* **Exercise data**:
=== Begin Enclosure ===

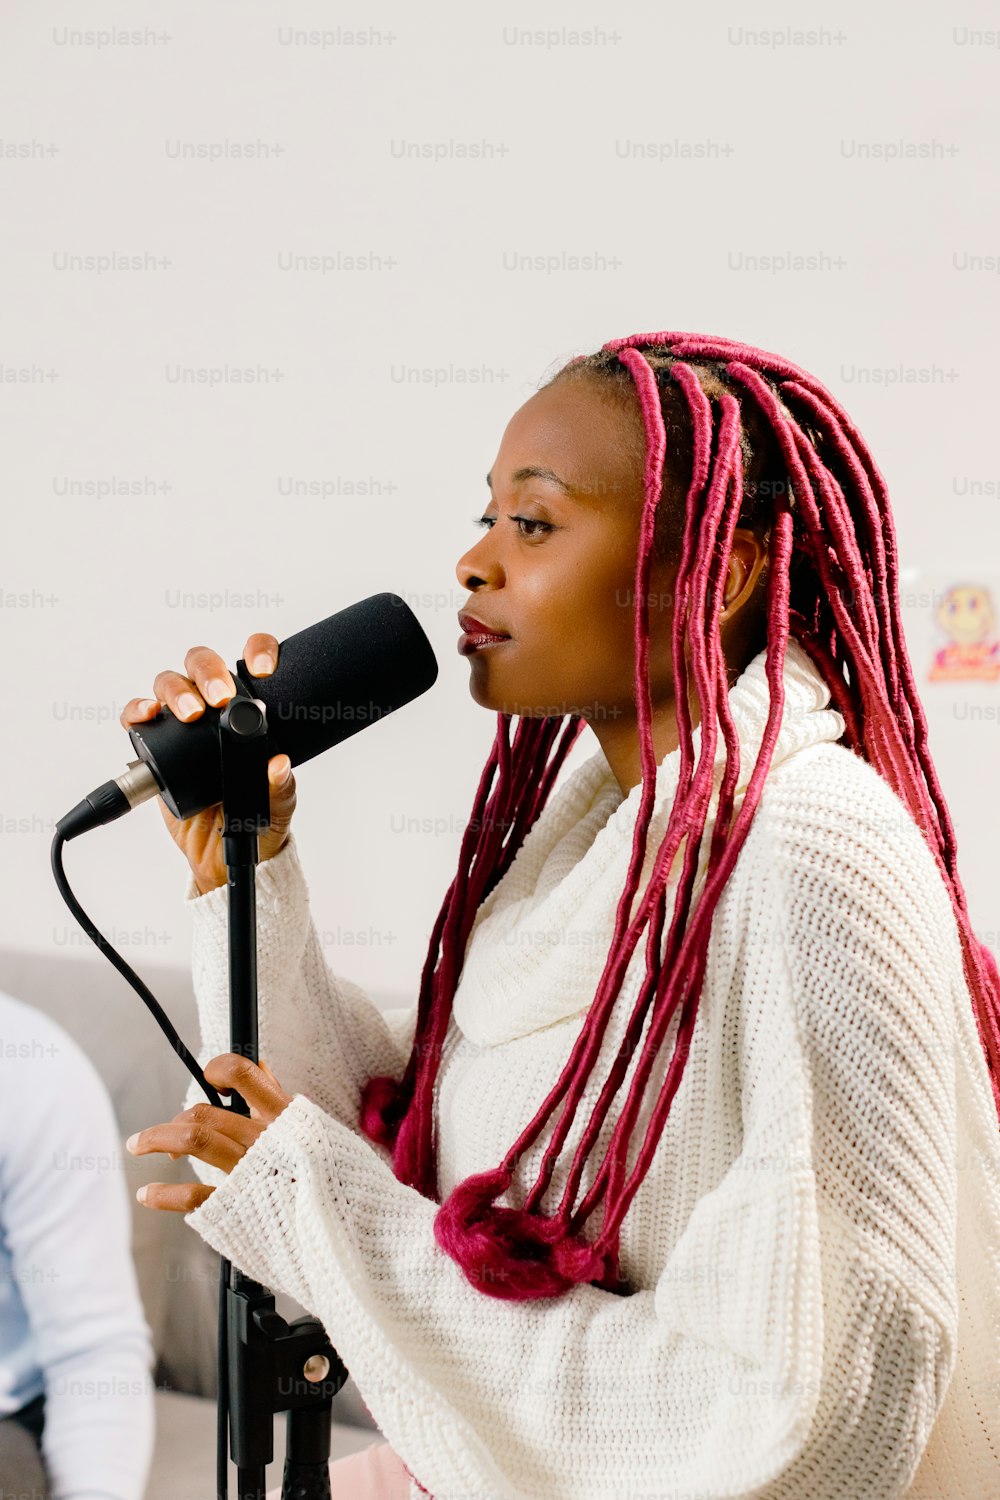 a woman with red dreadlocks is singing into a microphone
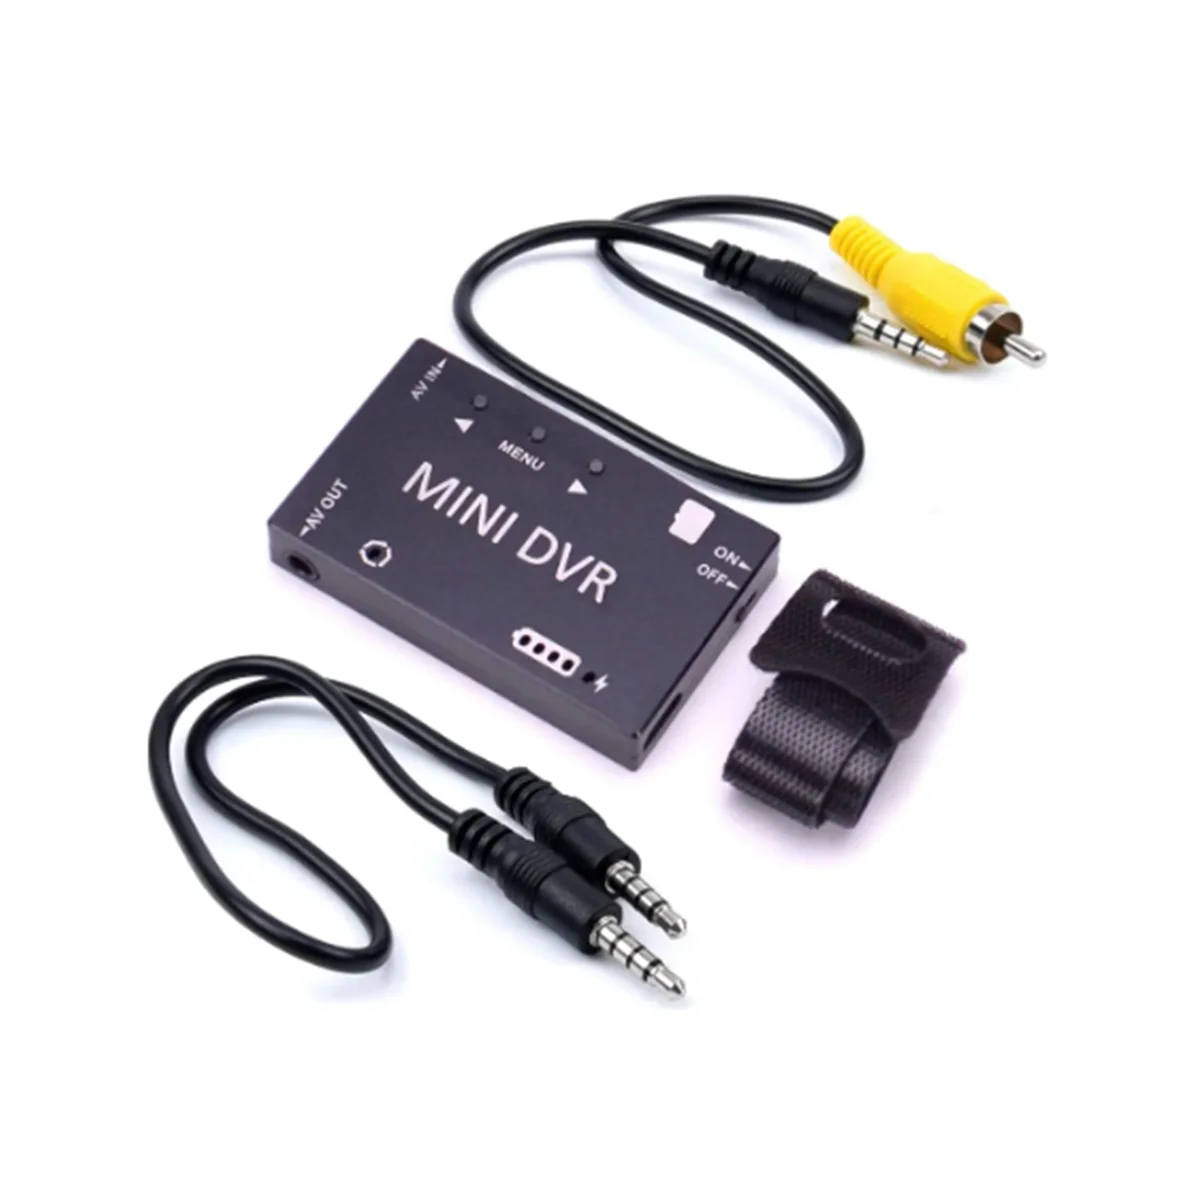 

FPV Recorder Mini FPV DVR Module NTSC/PAL Switchable Built-in Battery Video Audio FPV Recorder for RC Models Racing(A)
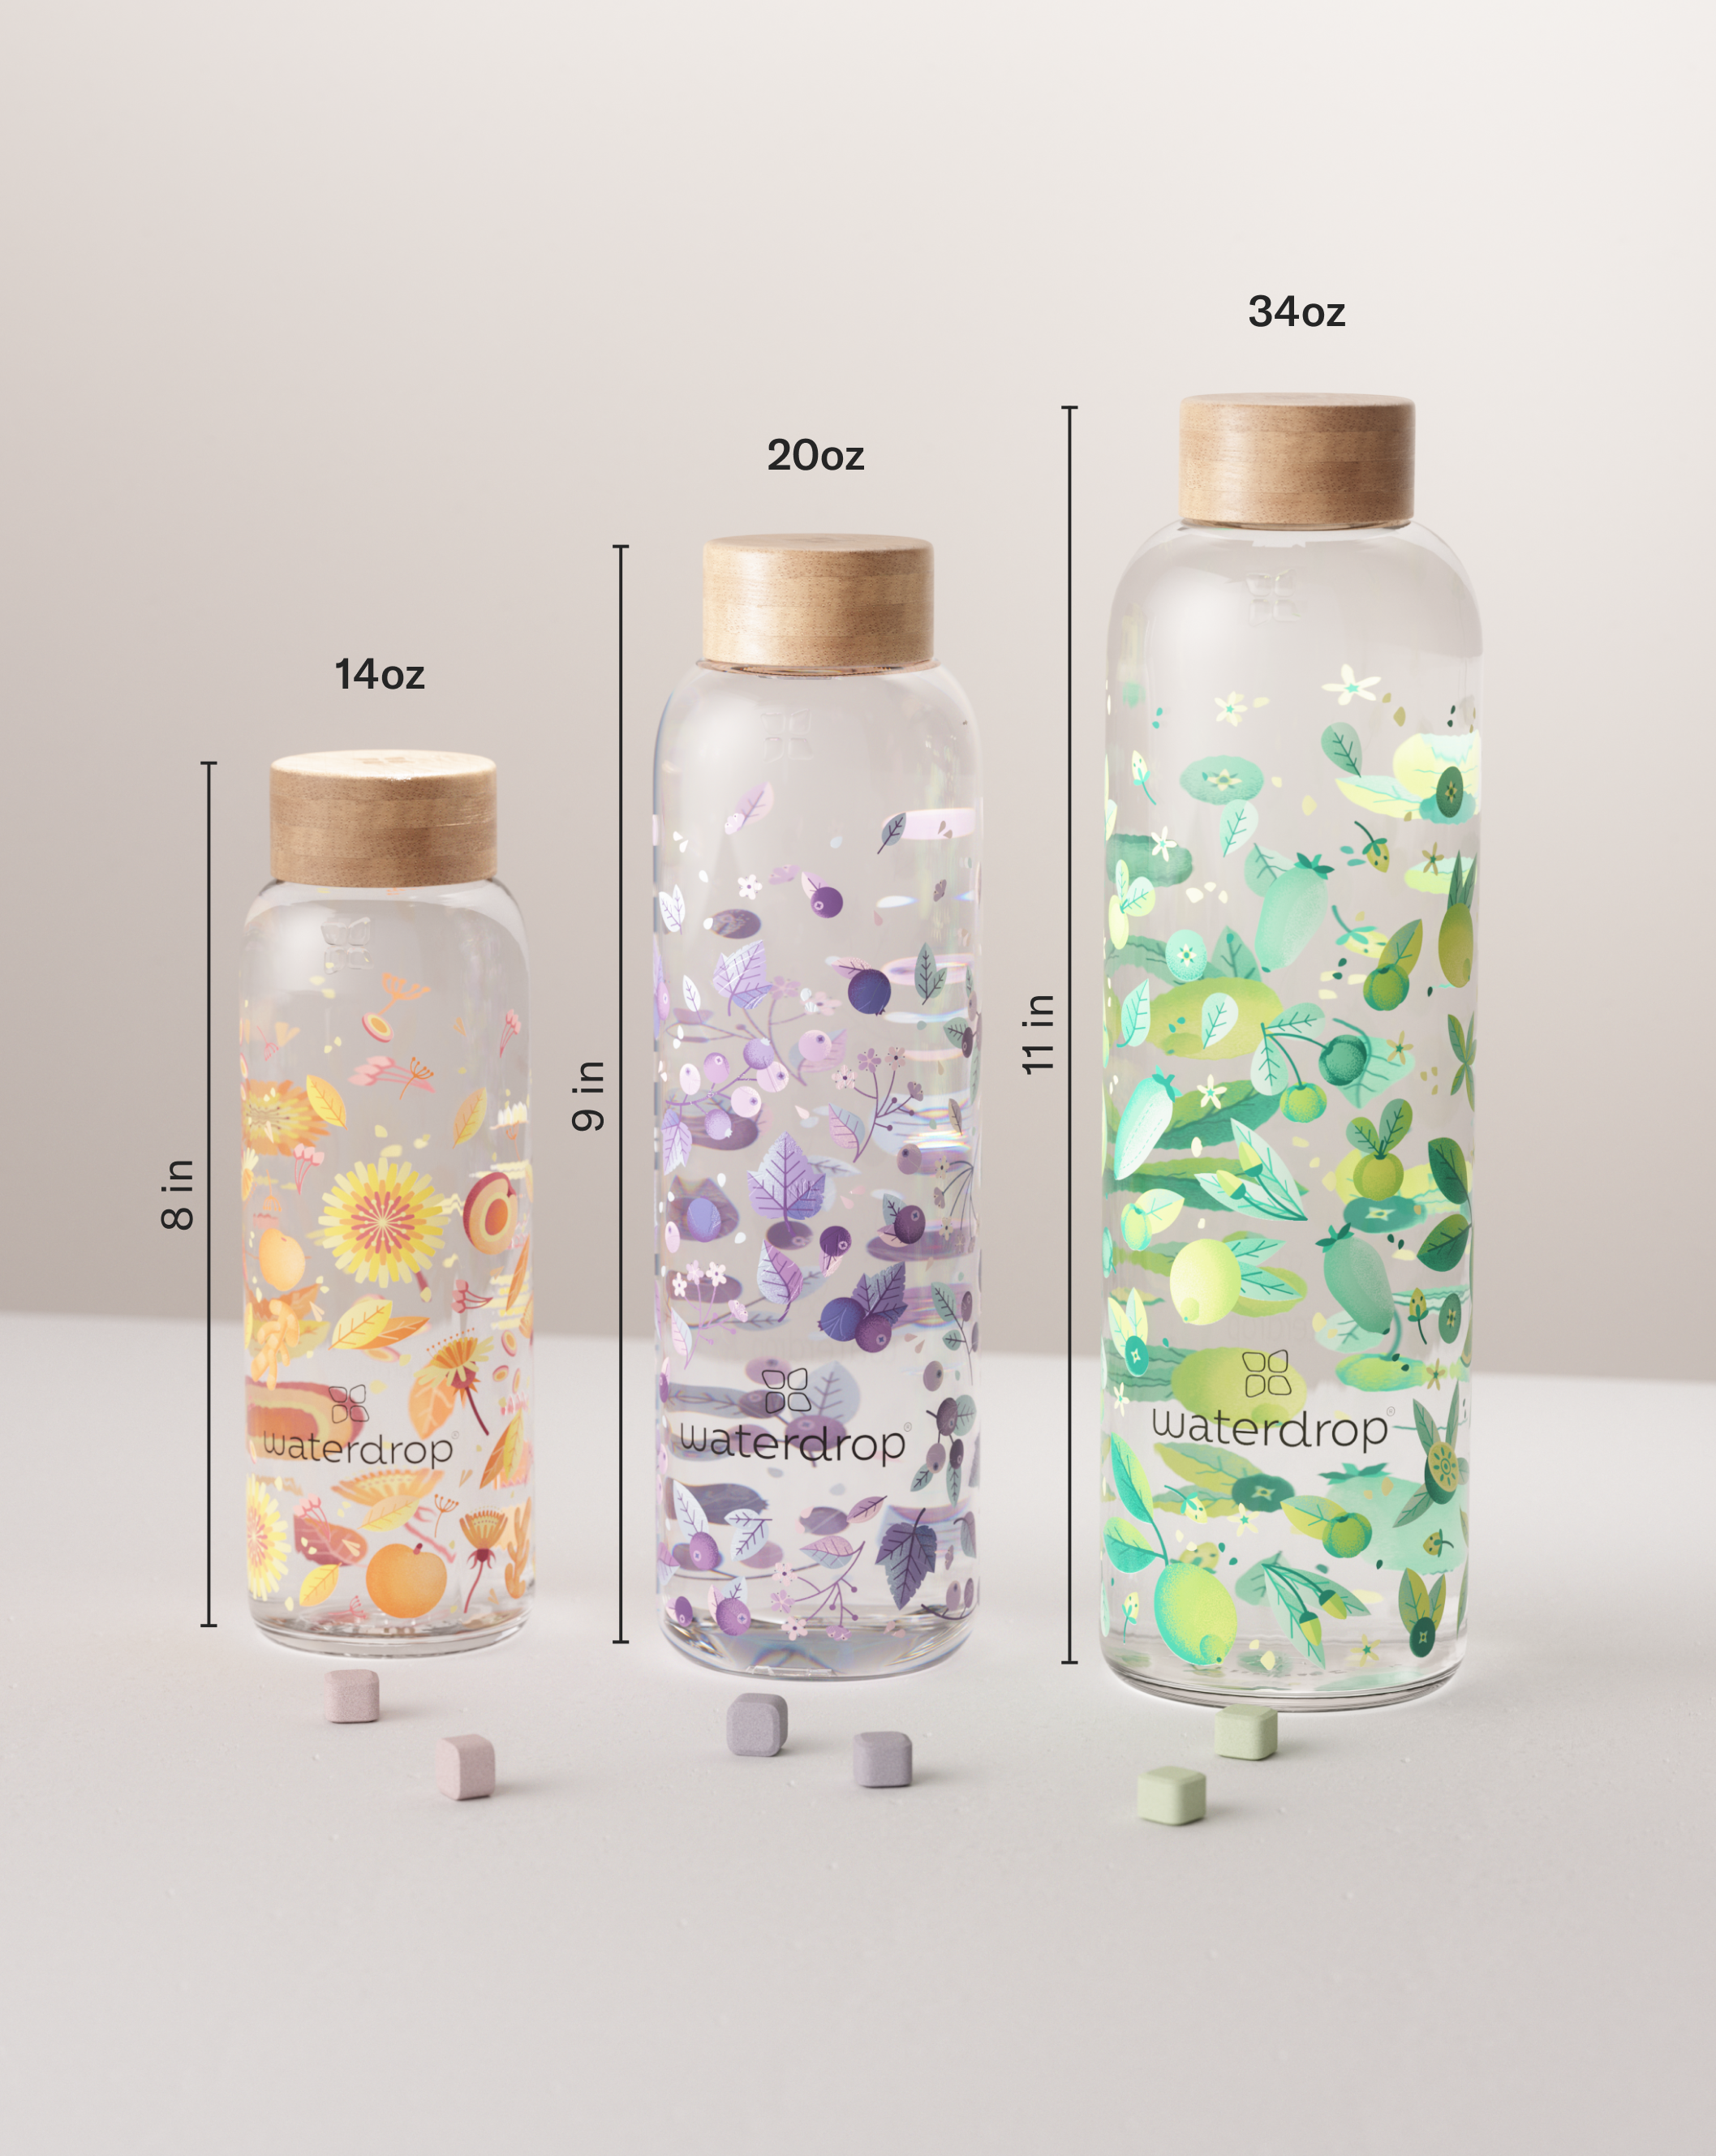 Starter Set Microdrink Glass 18 Microdrink hydration cubes with vitamins ·  without sugar · 20 oz or 34 oz Borosilicate Glass Bottle

=== End Enclosure ===

* **Instructions to follow**: Repeat the listing above in full, exactly, and omit its pictures.

* **Solution for this exercise**:
 a woman with red dreadlocks is singing into a microphone

FPV Recorder Mini FPV DVR Module NTSC/PAL Switchable Built-in Battery Video Audio FPV Recorder for RC Models Racing(A)
 Starter Set Microdrink Glass 18 Microdrink hydration cubes with vitamins ·  without sugar · 20 oz or 34 oz Borosilicate Glass Bottle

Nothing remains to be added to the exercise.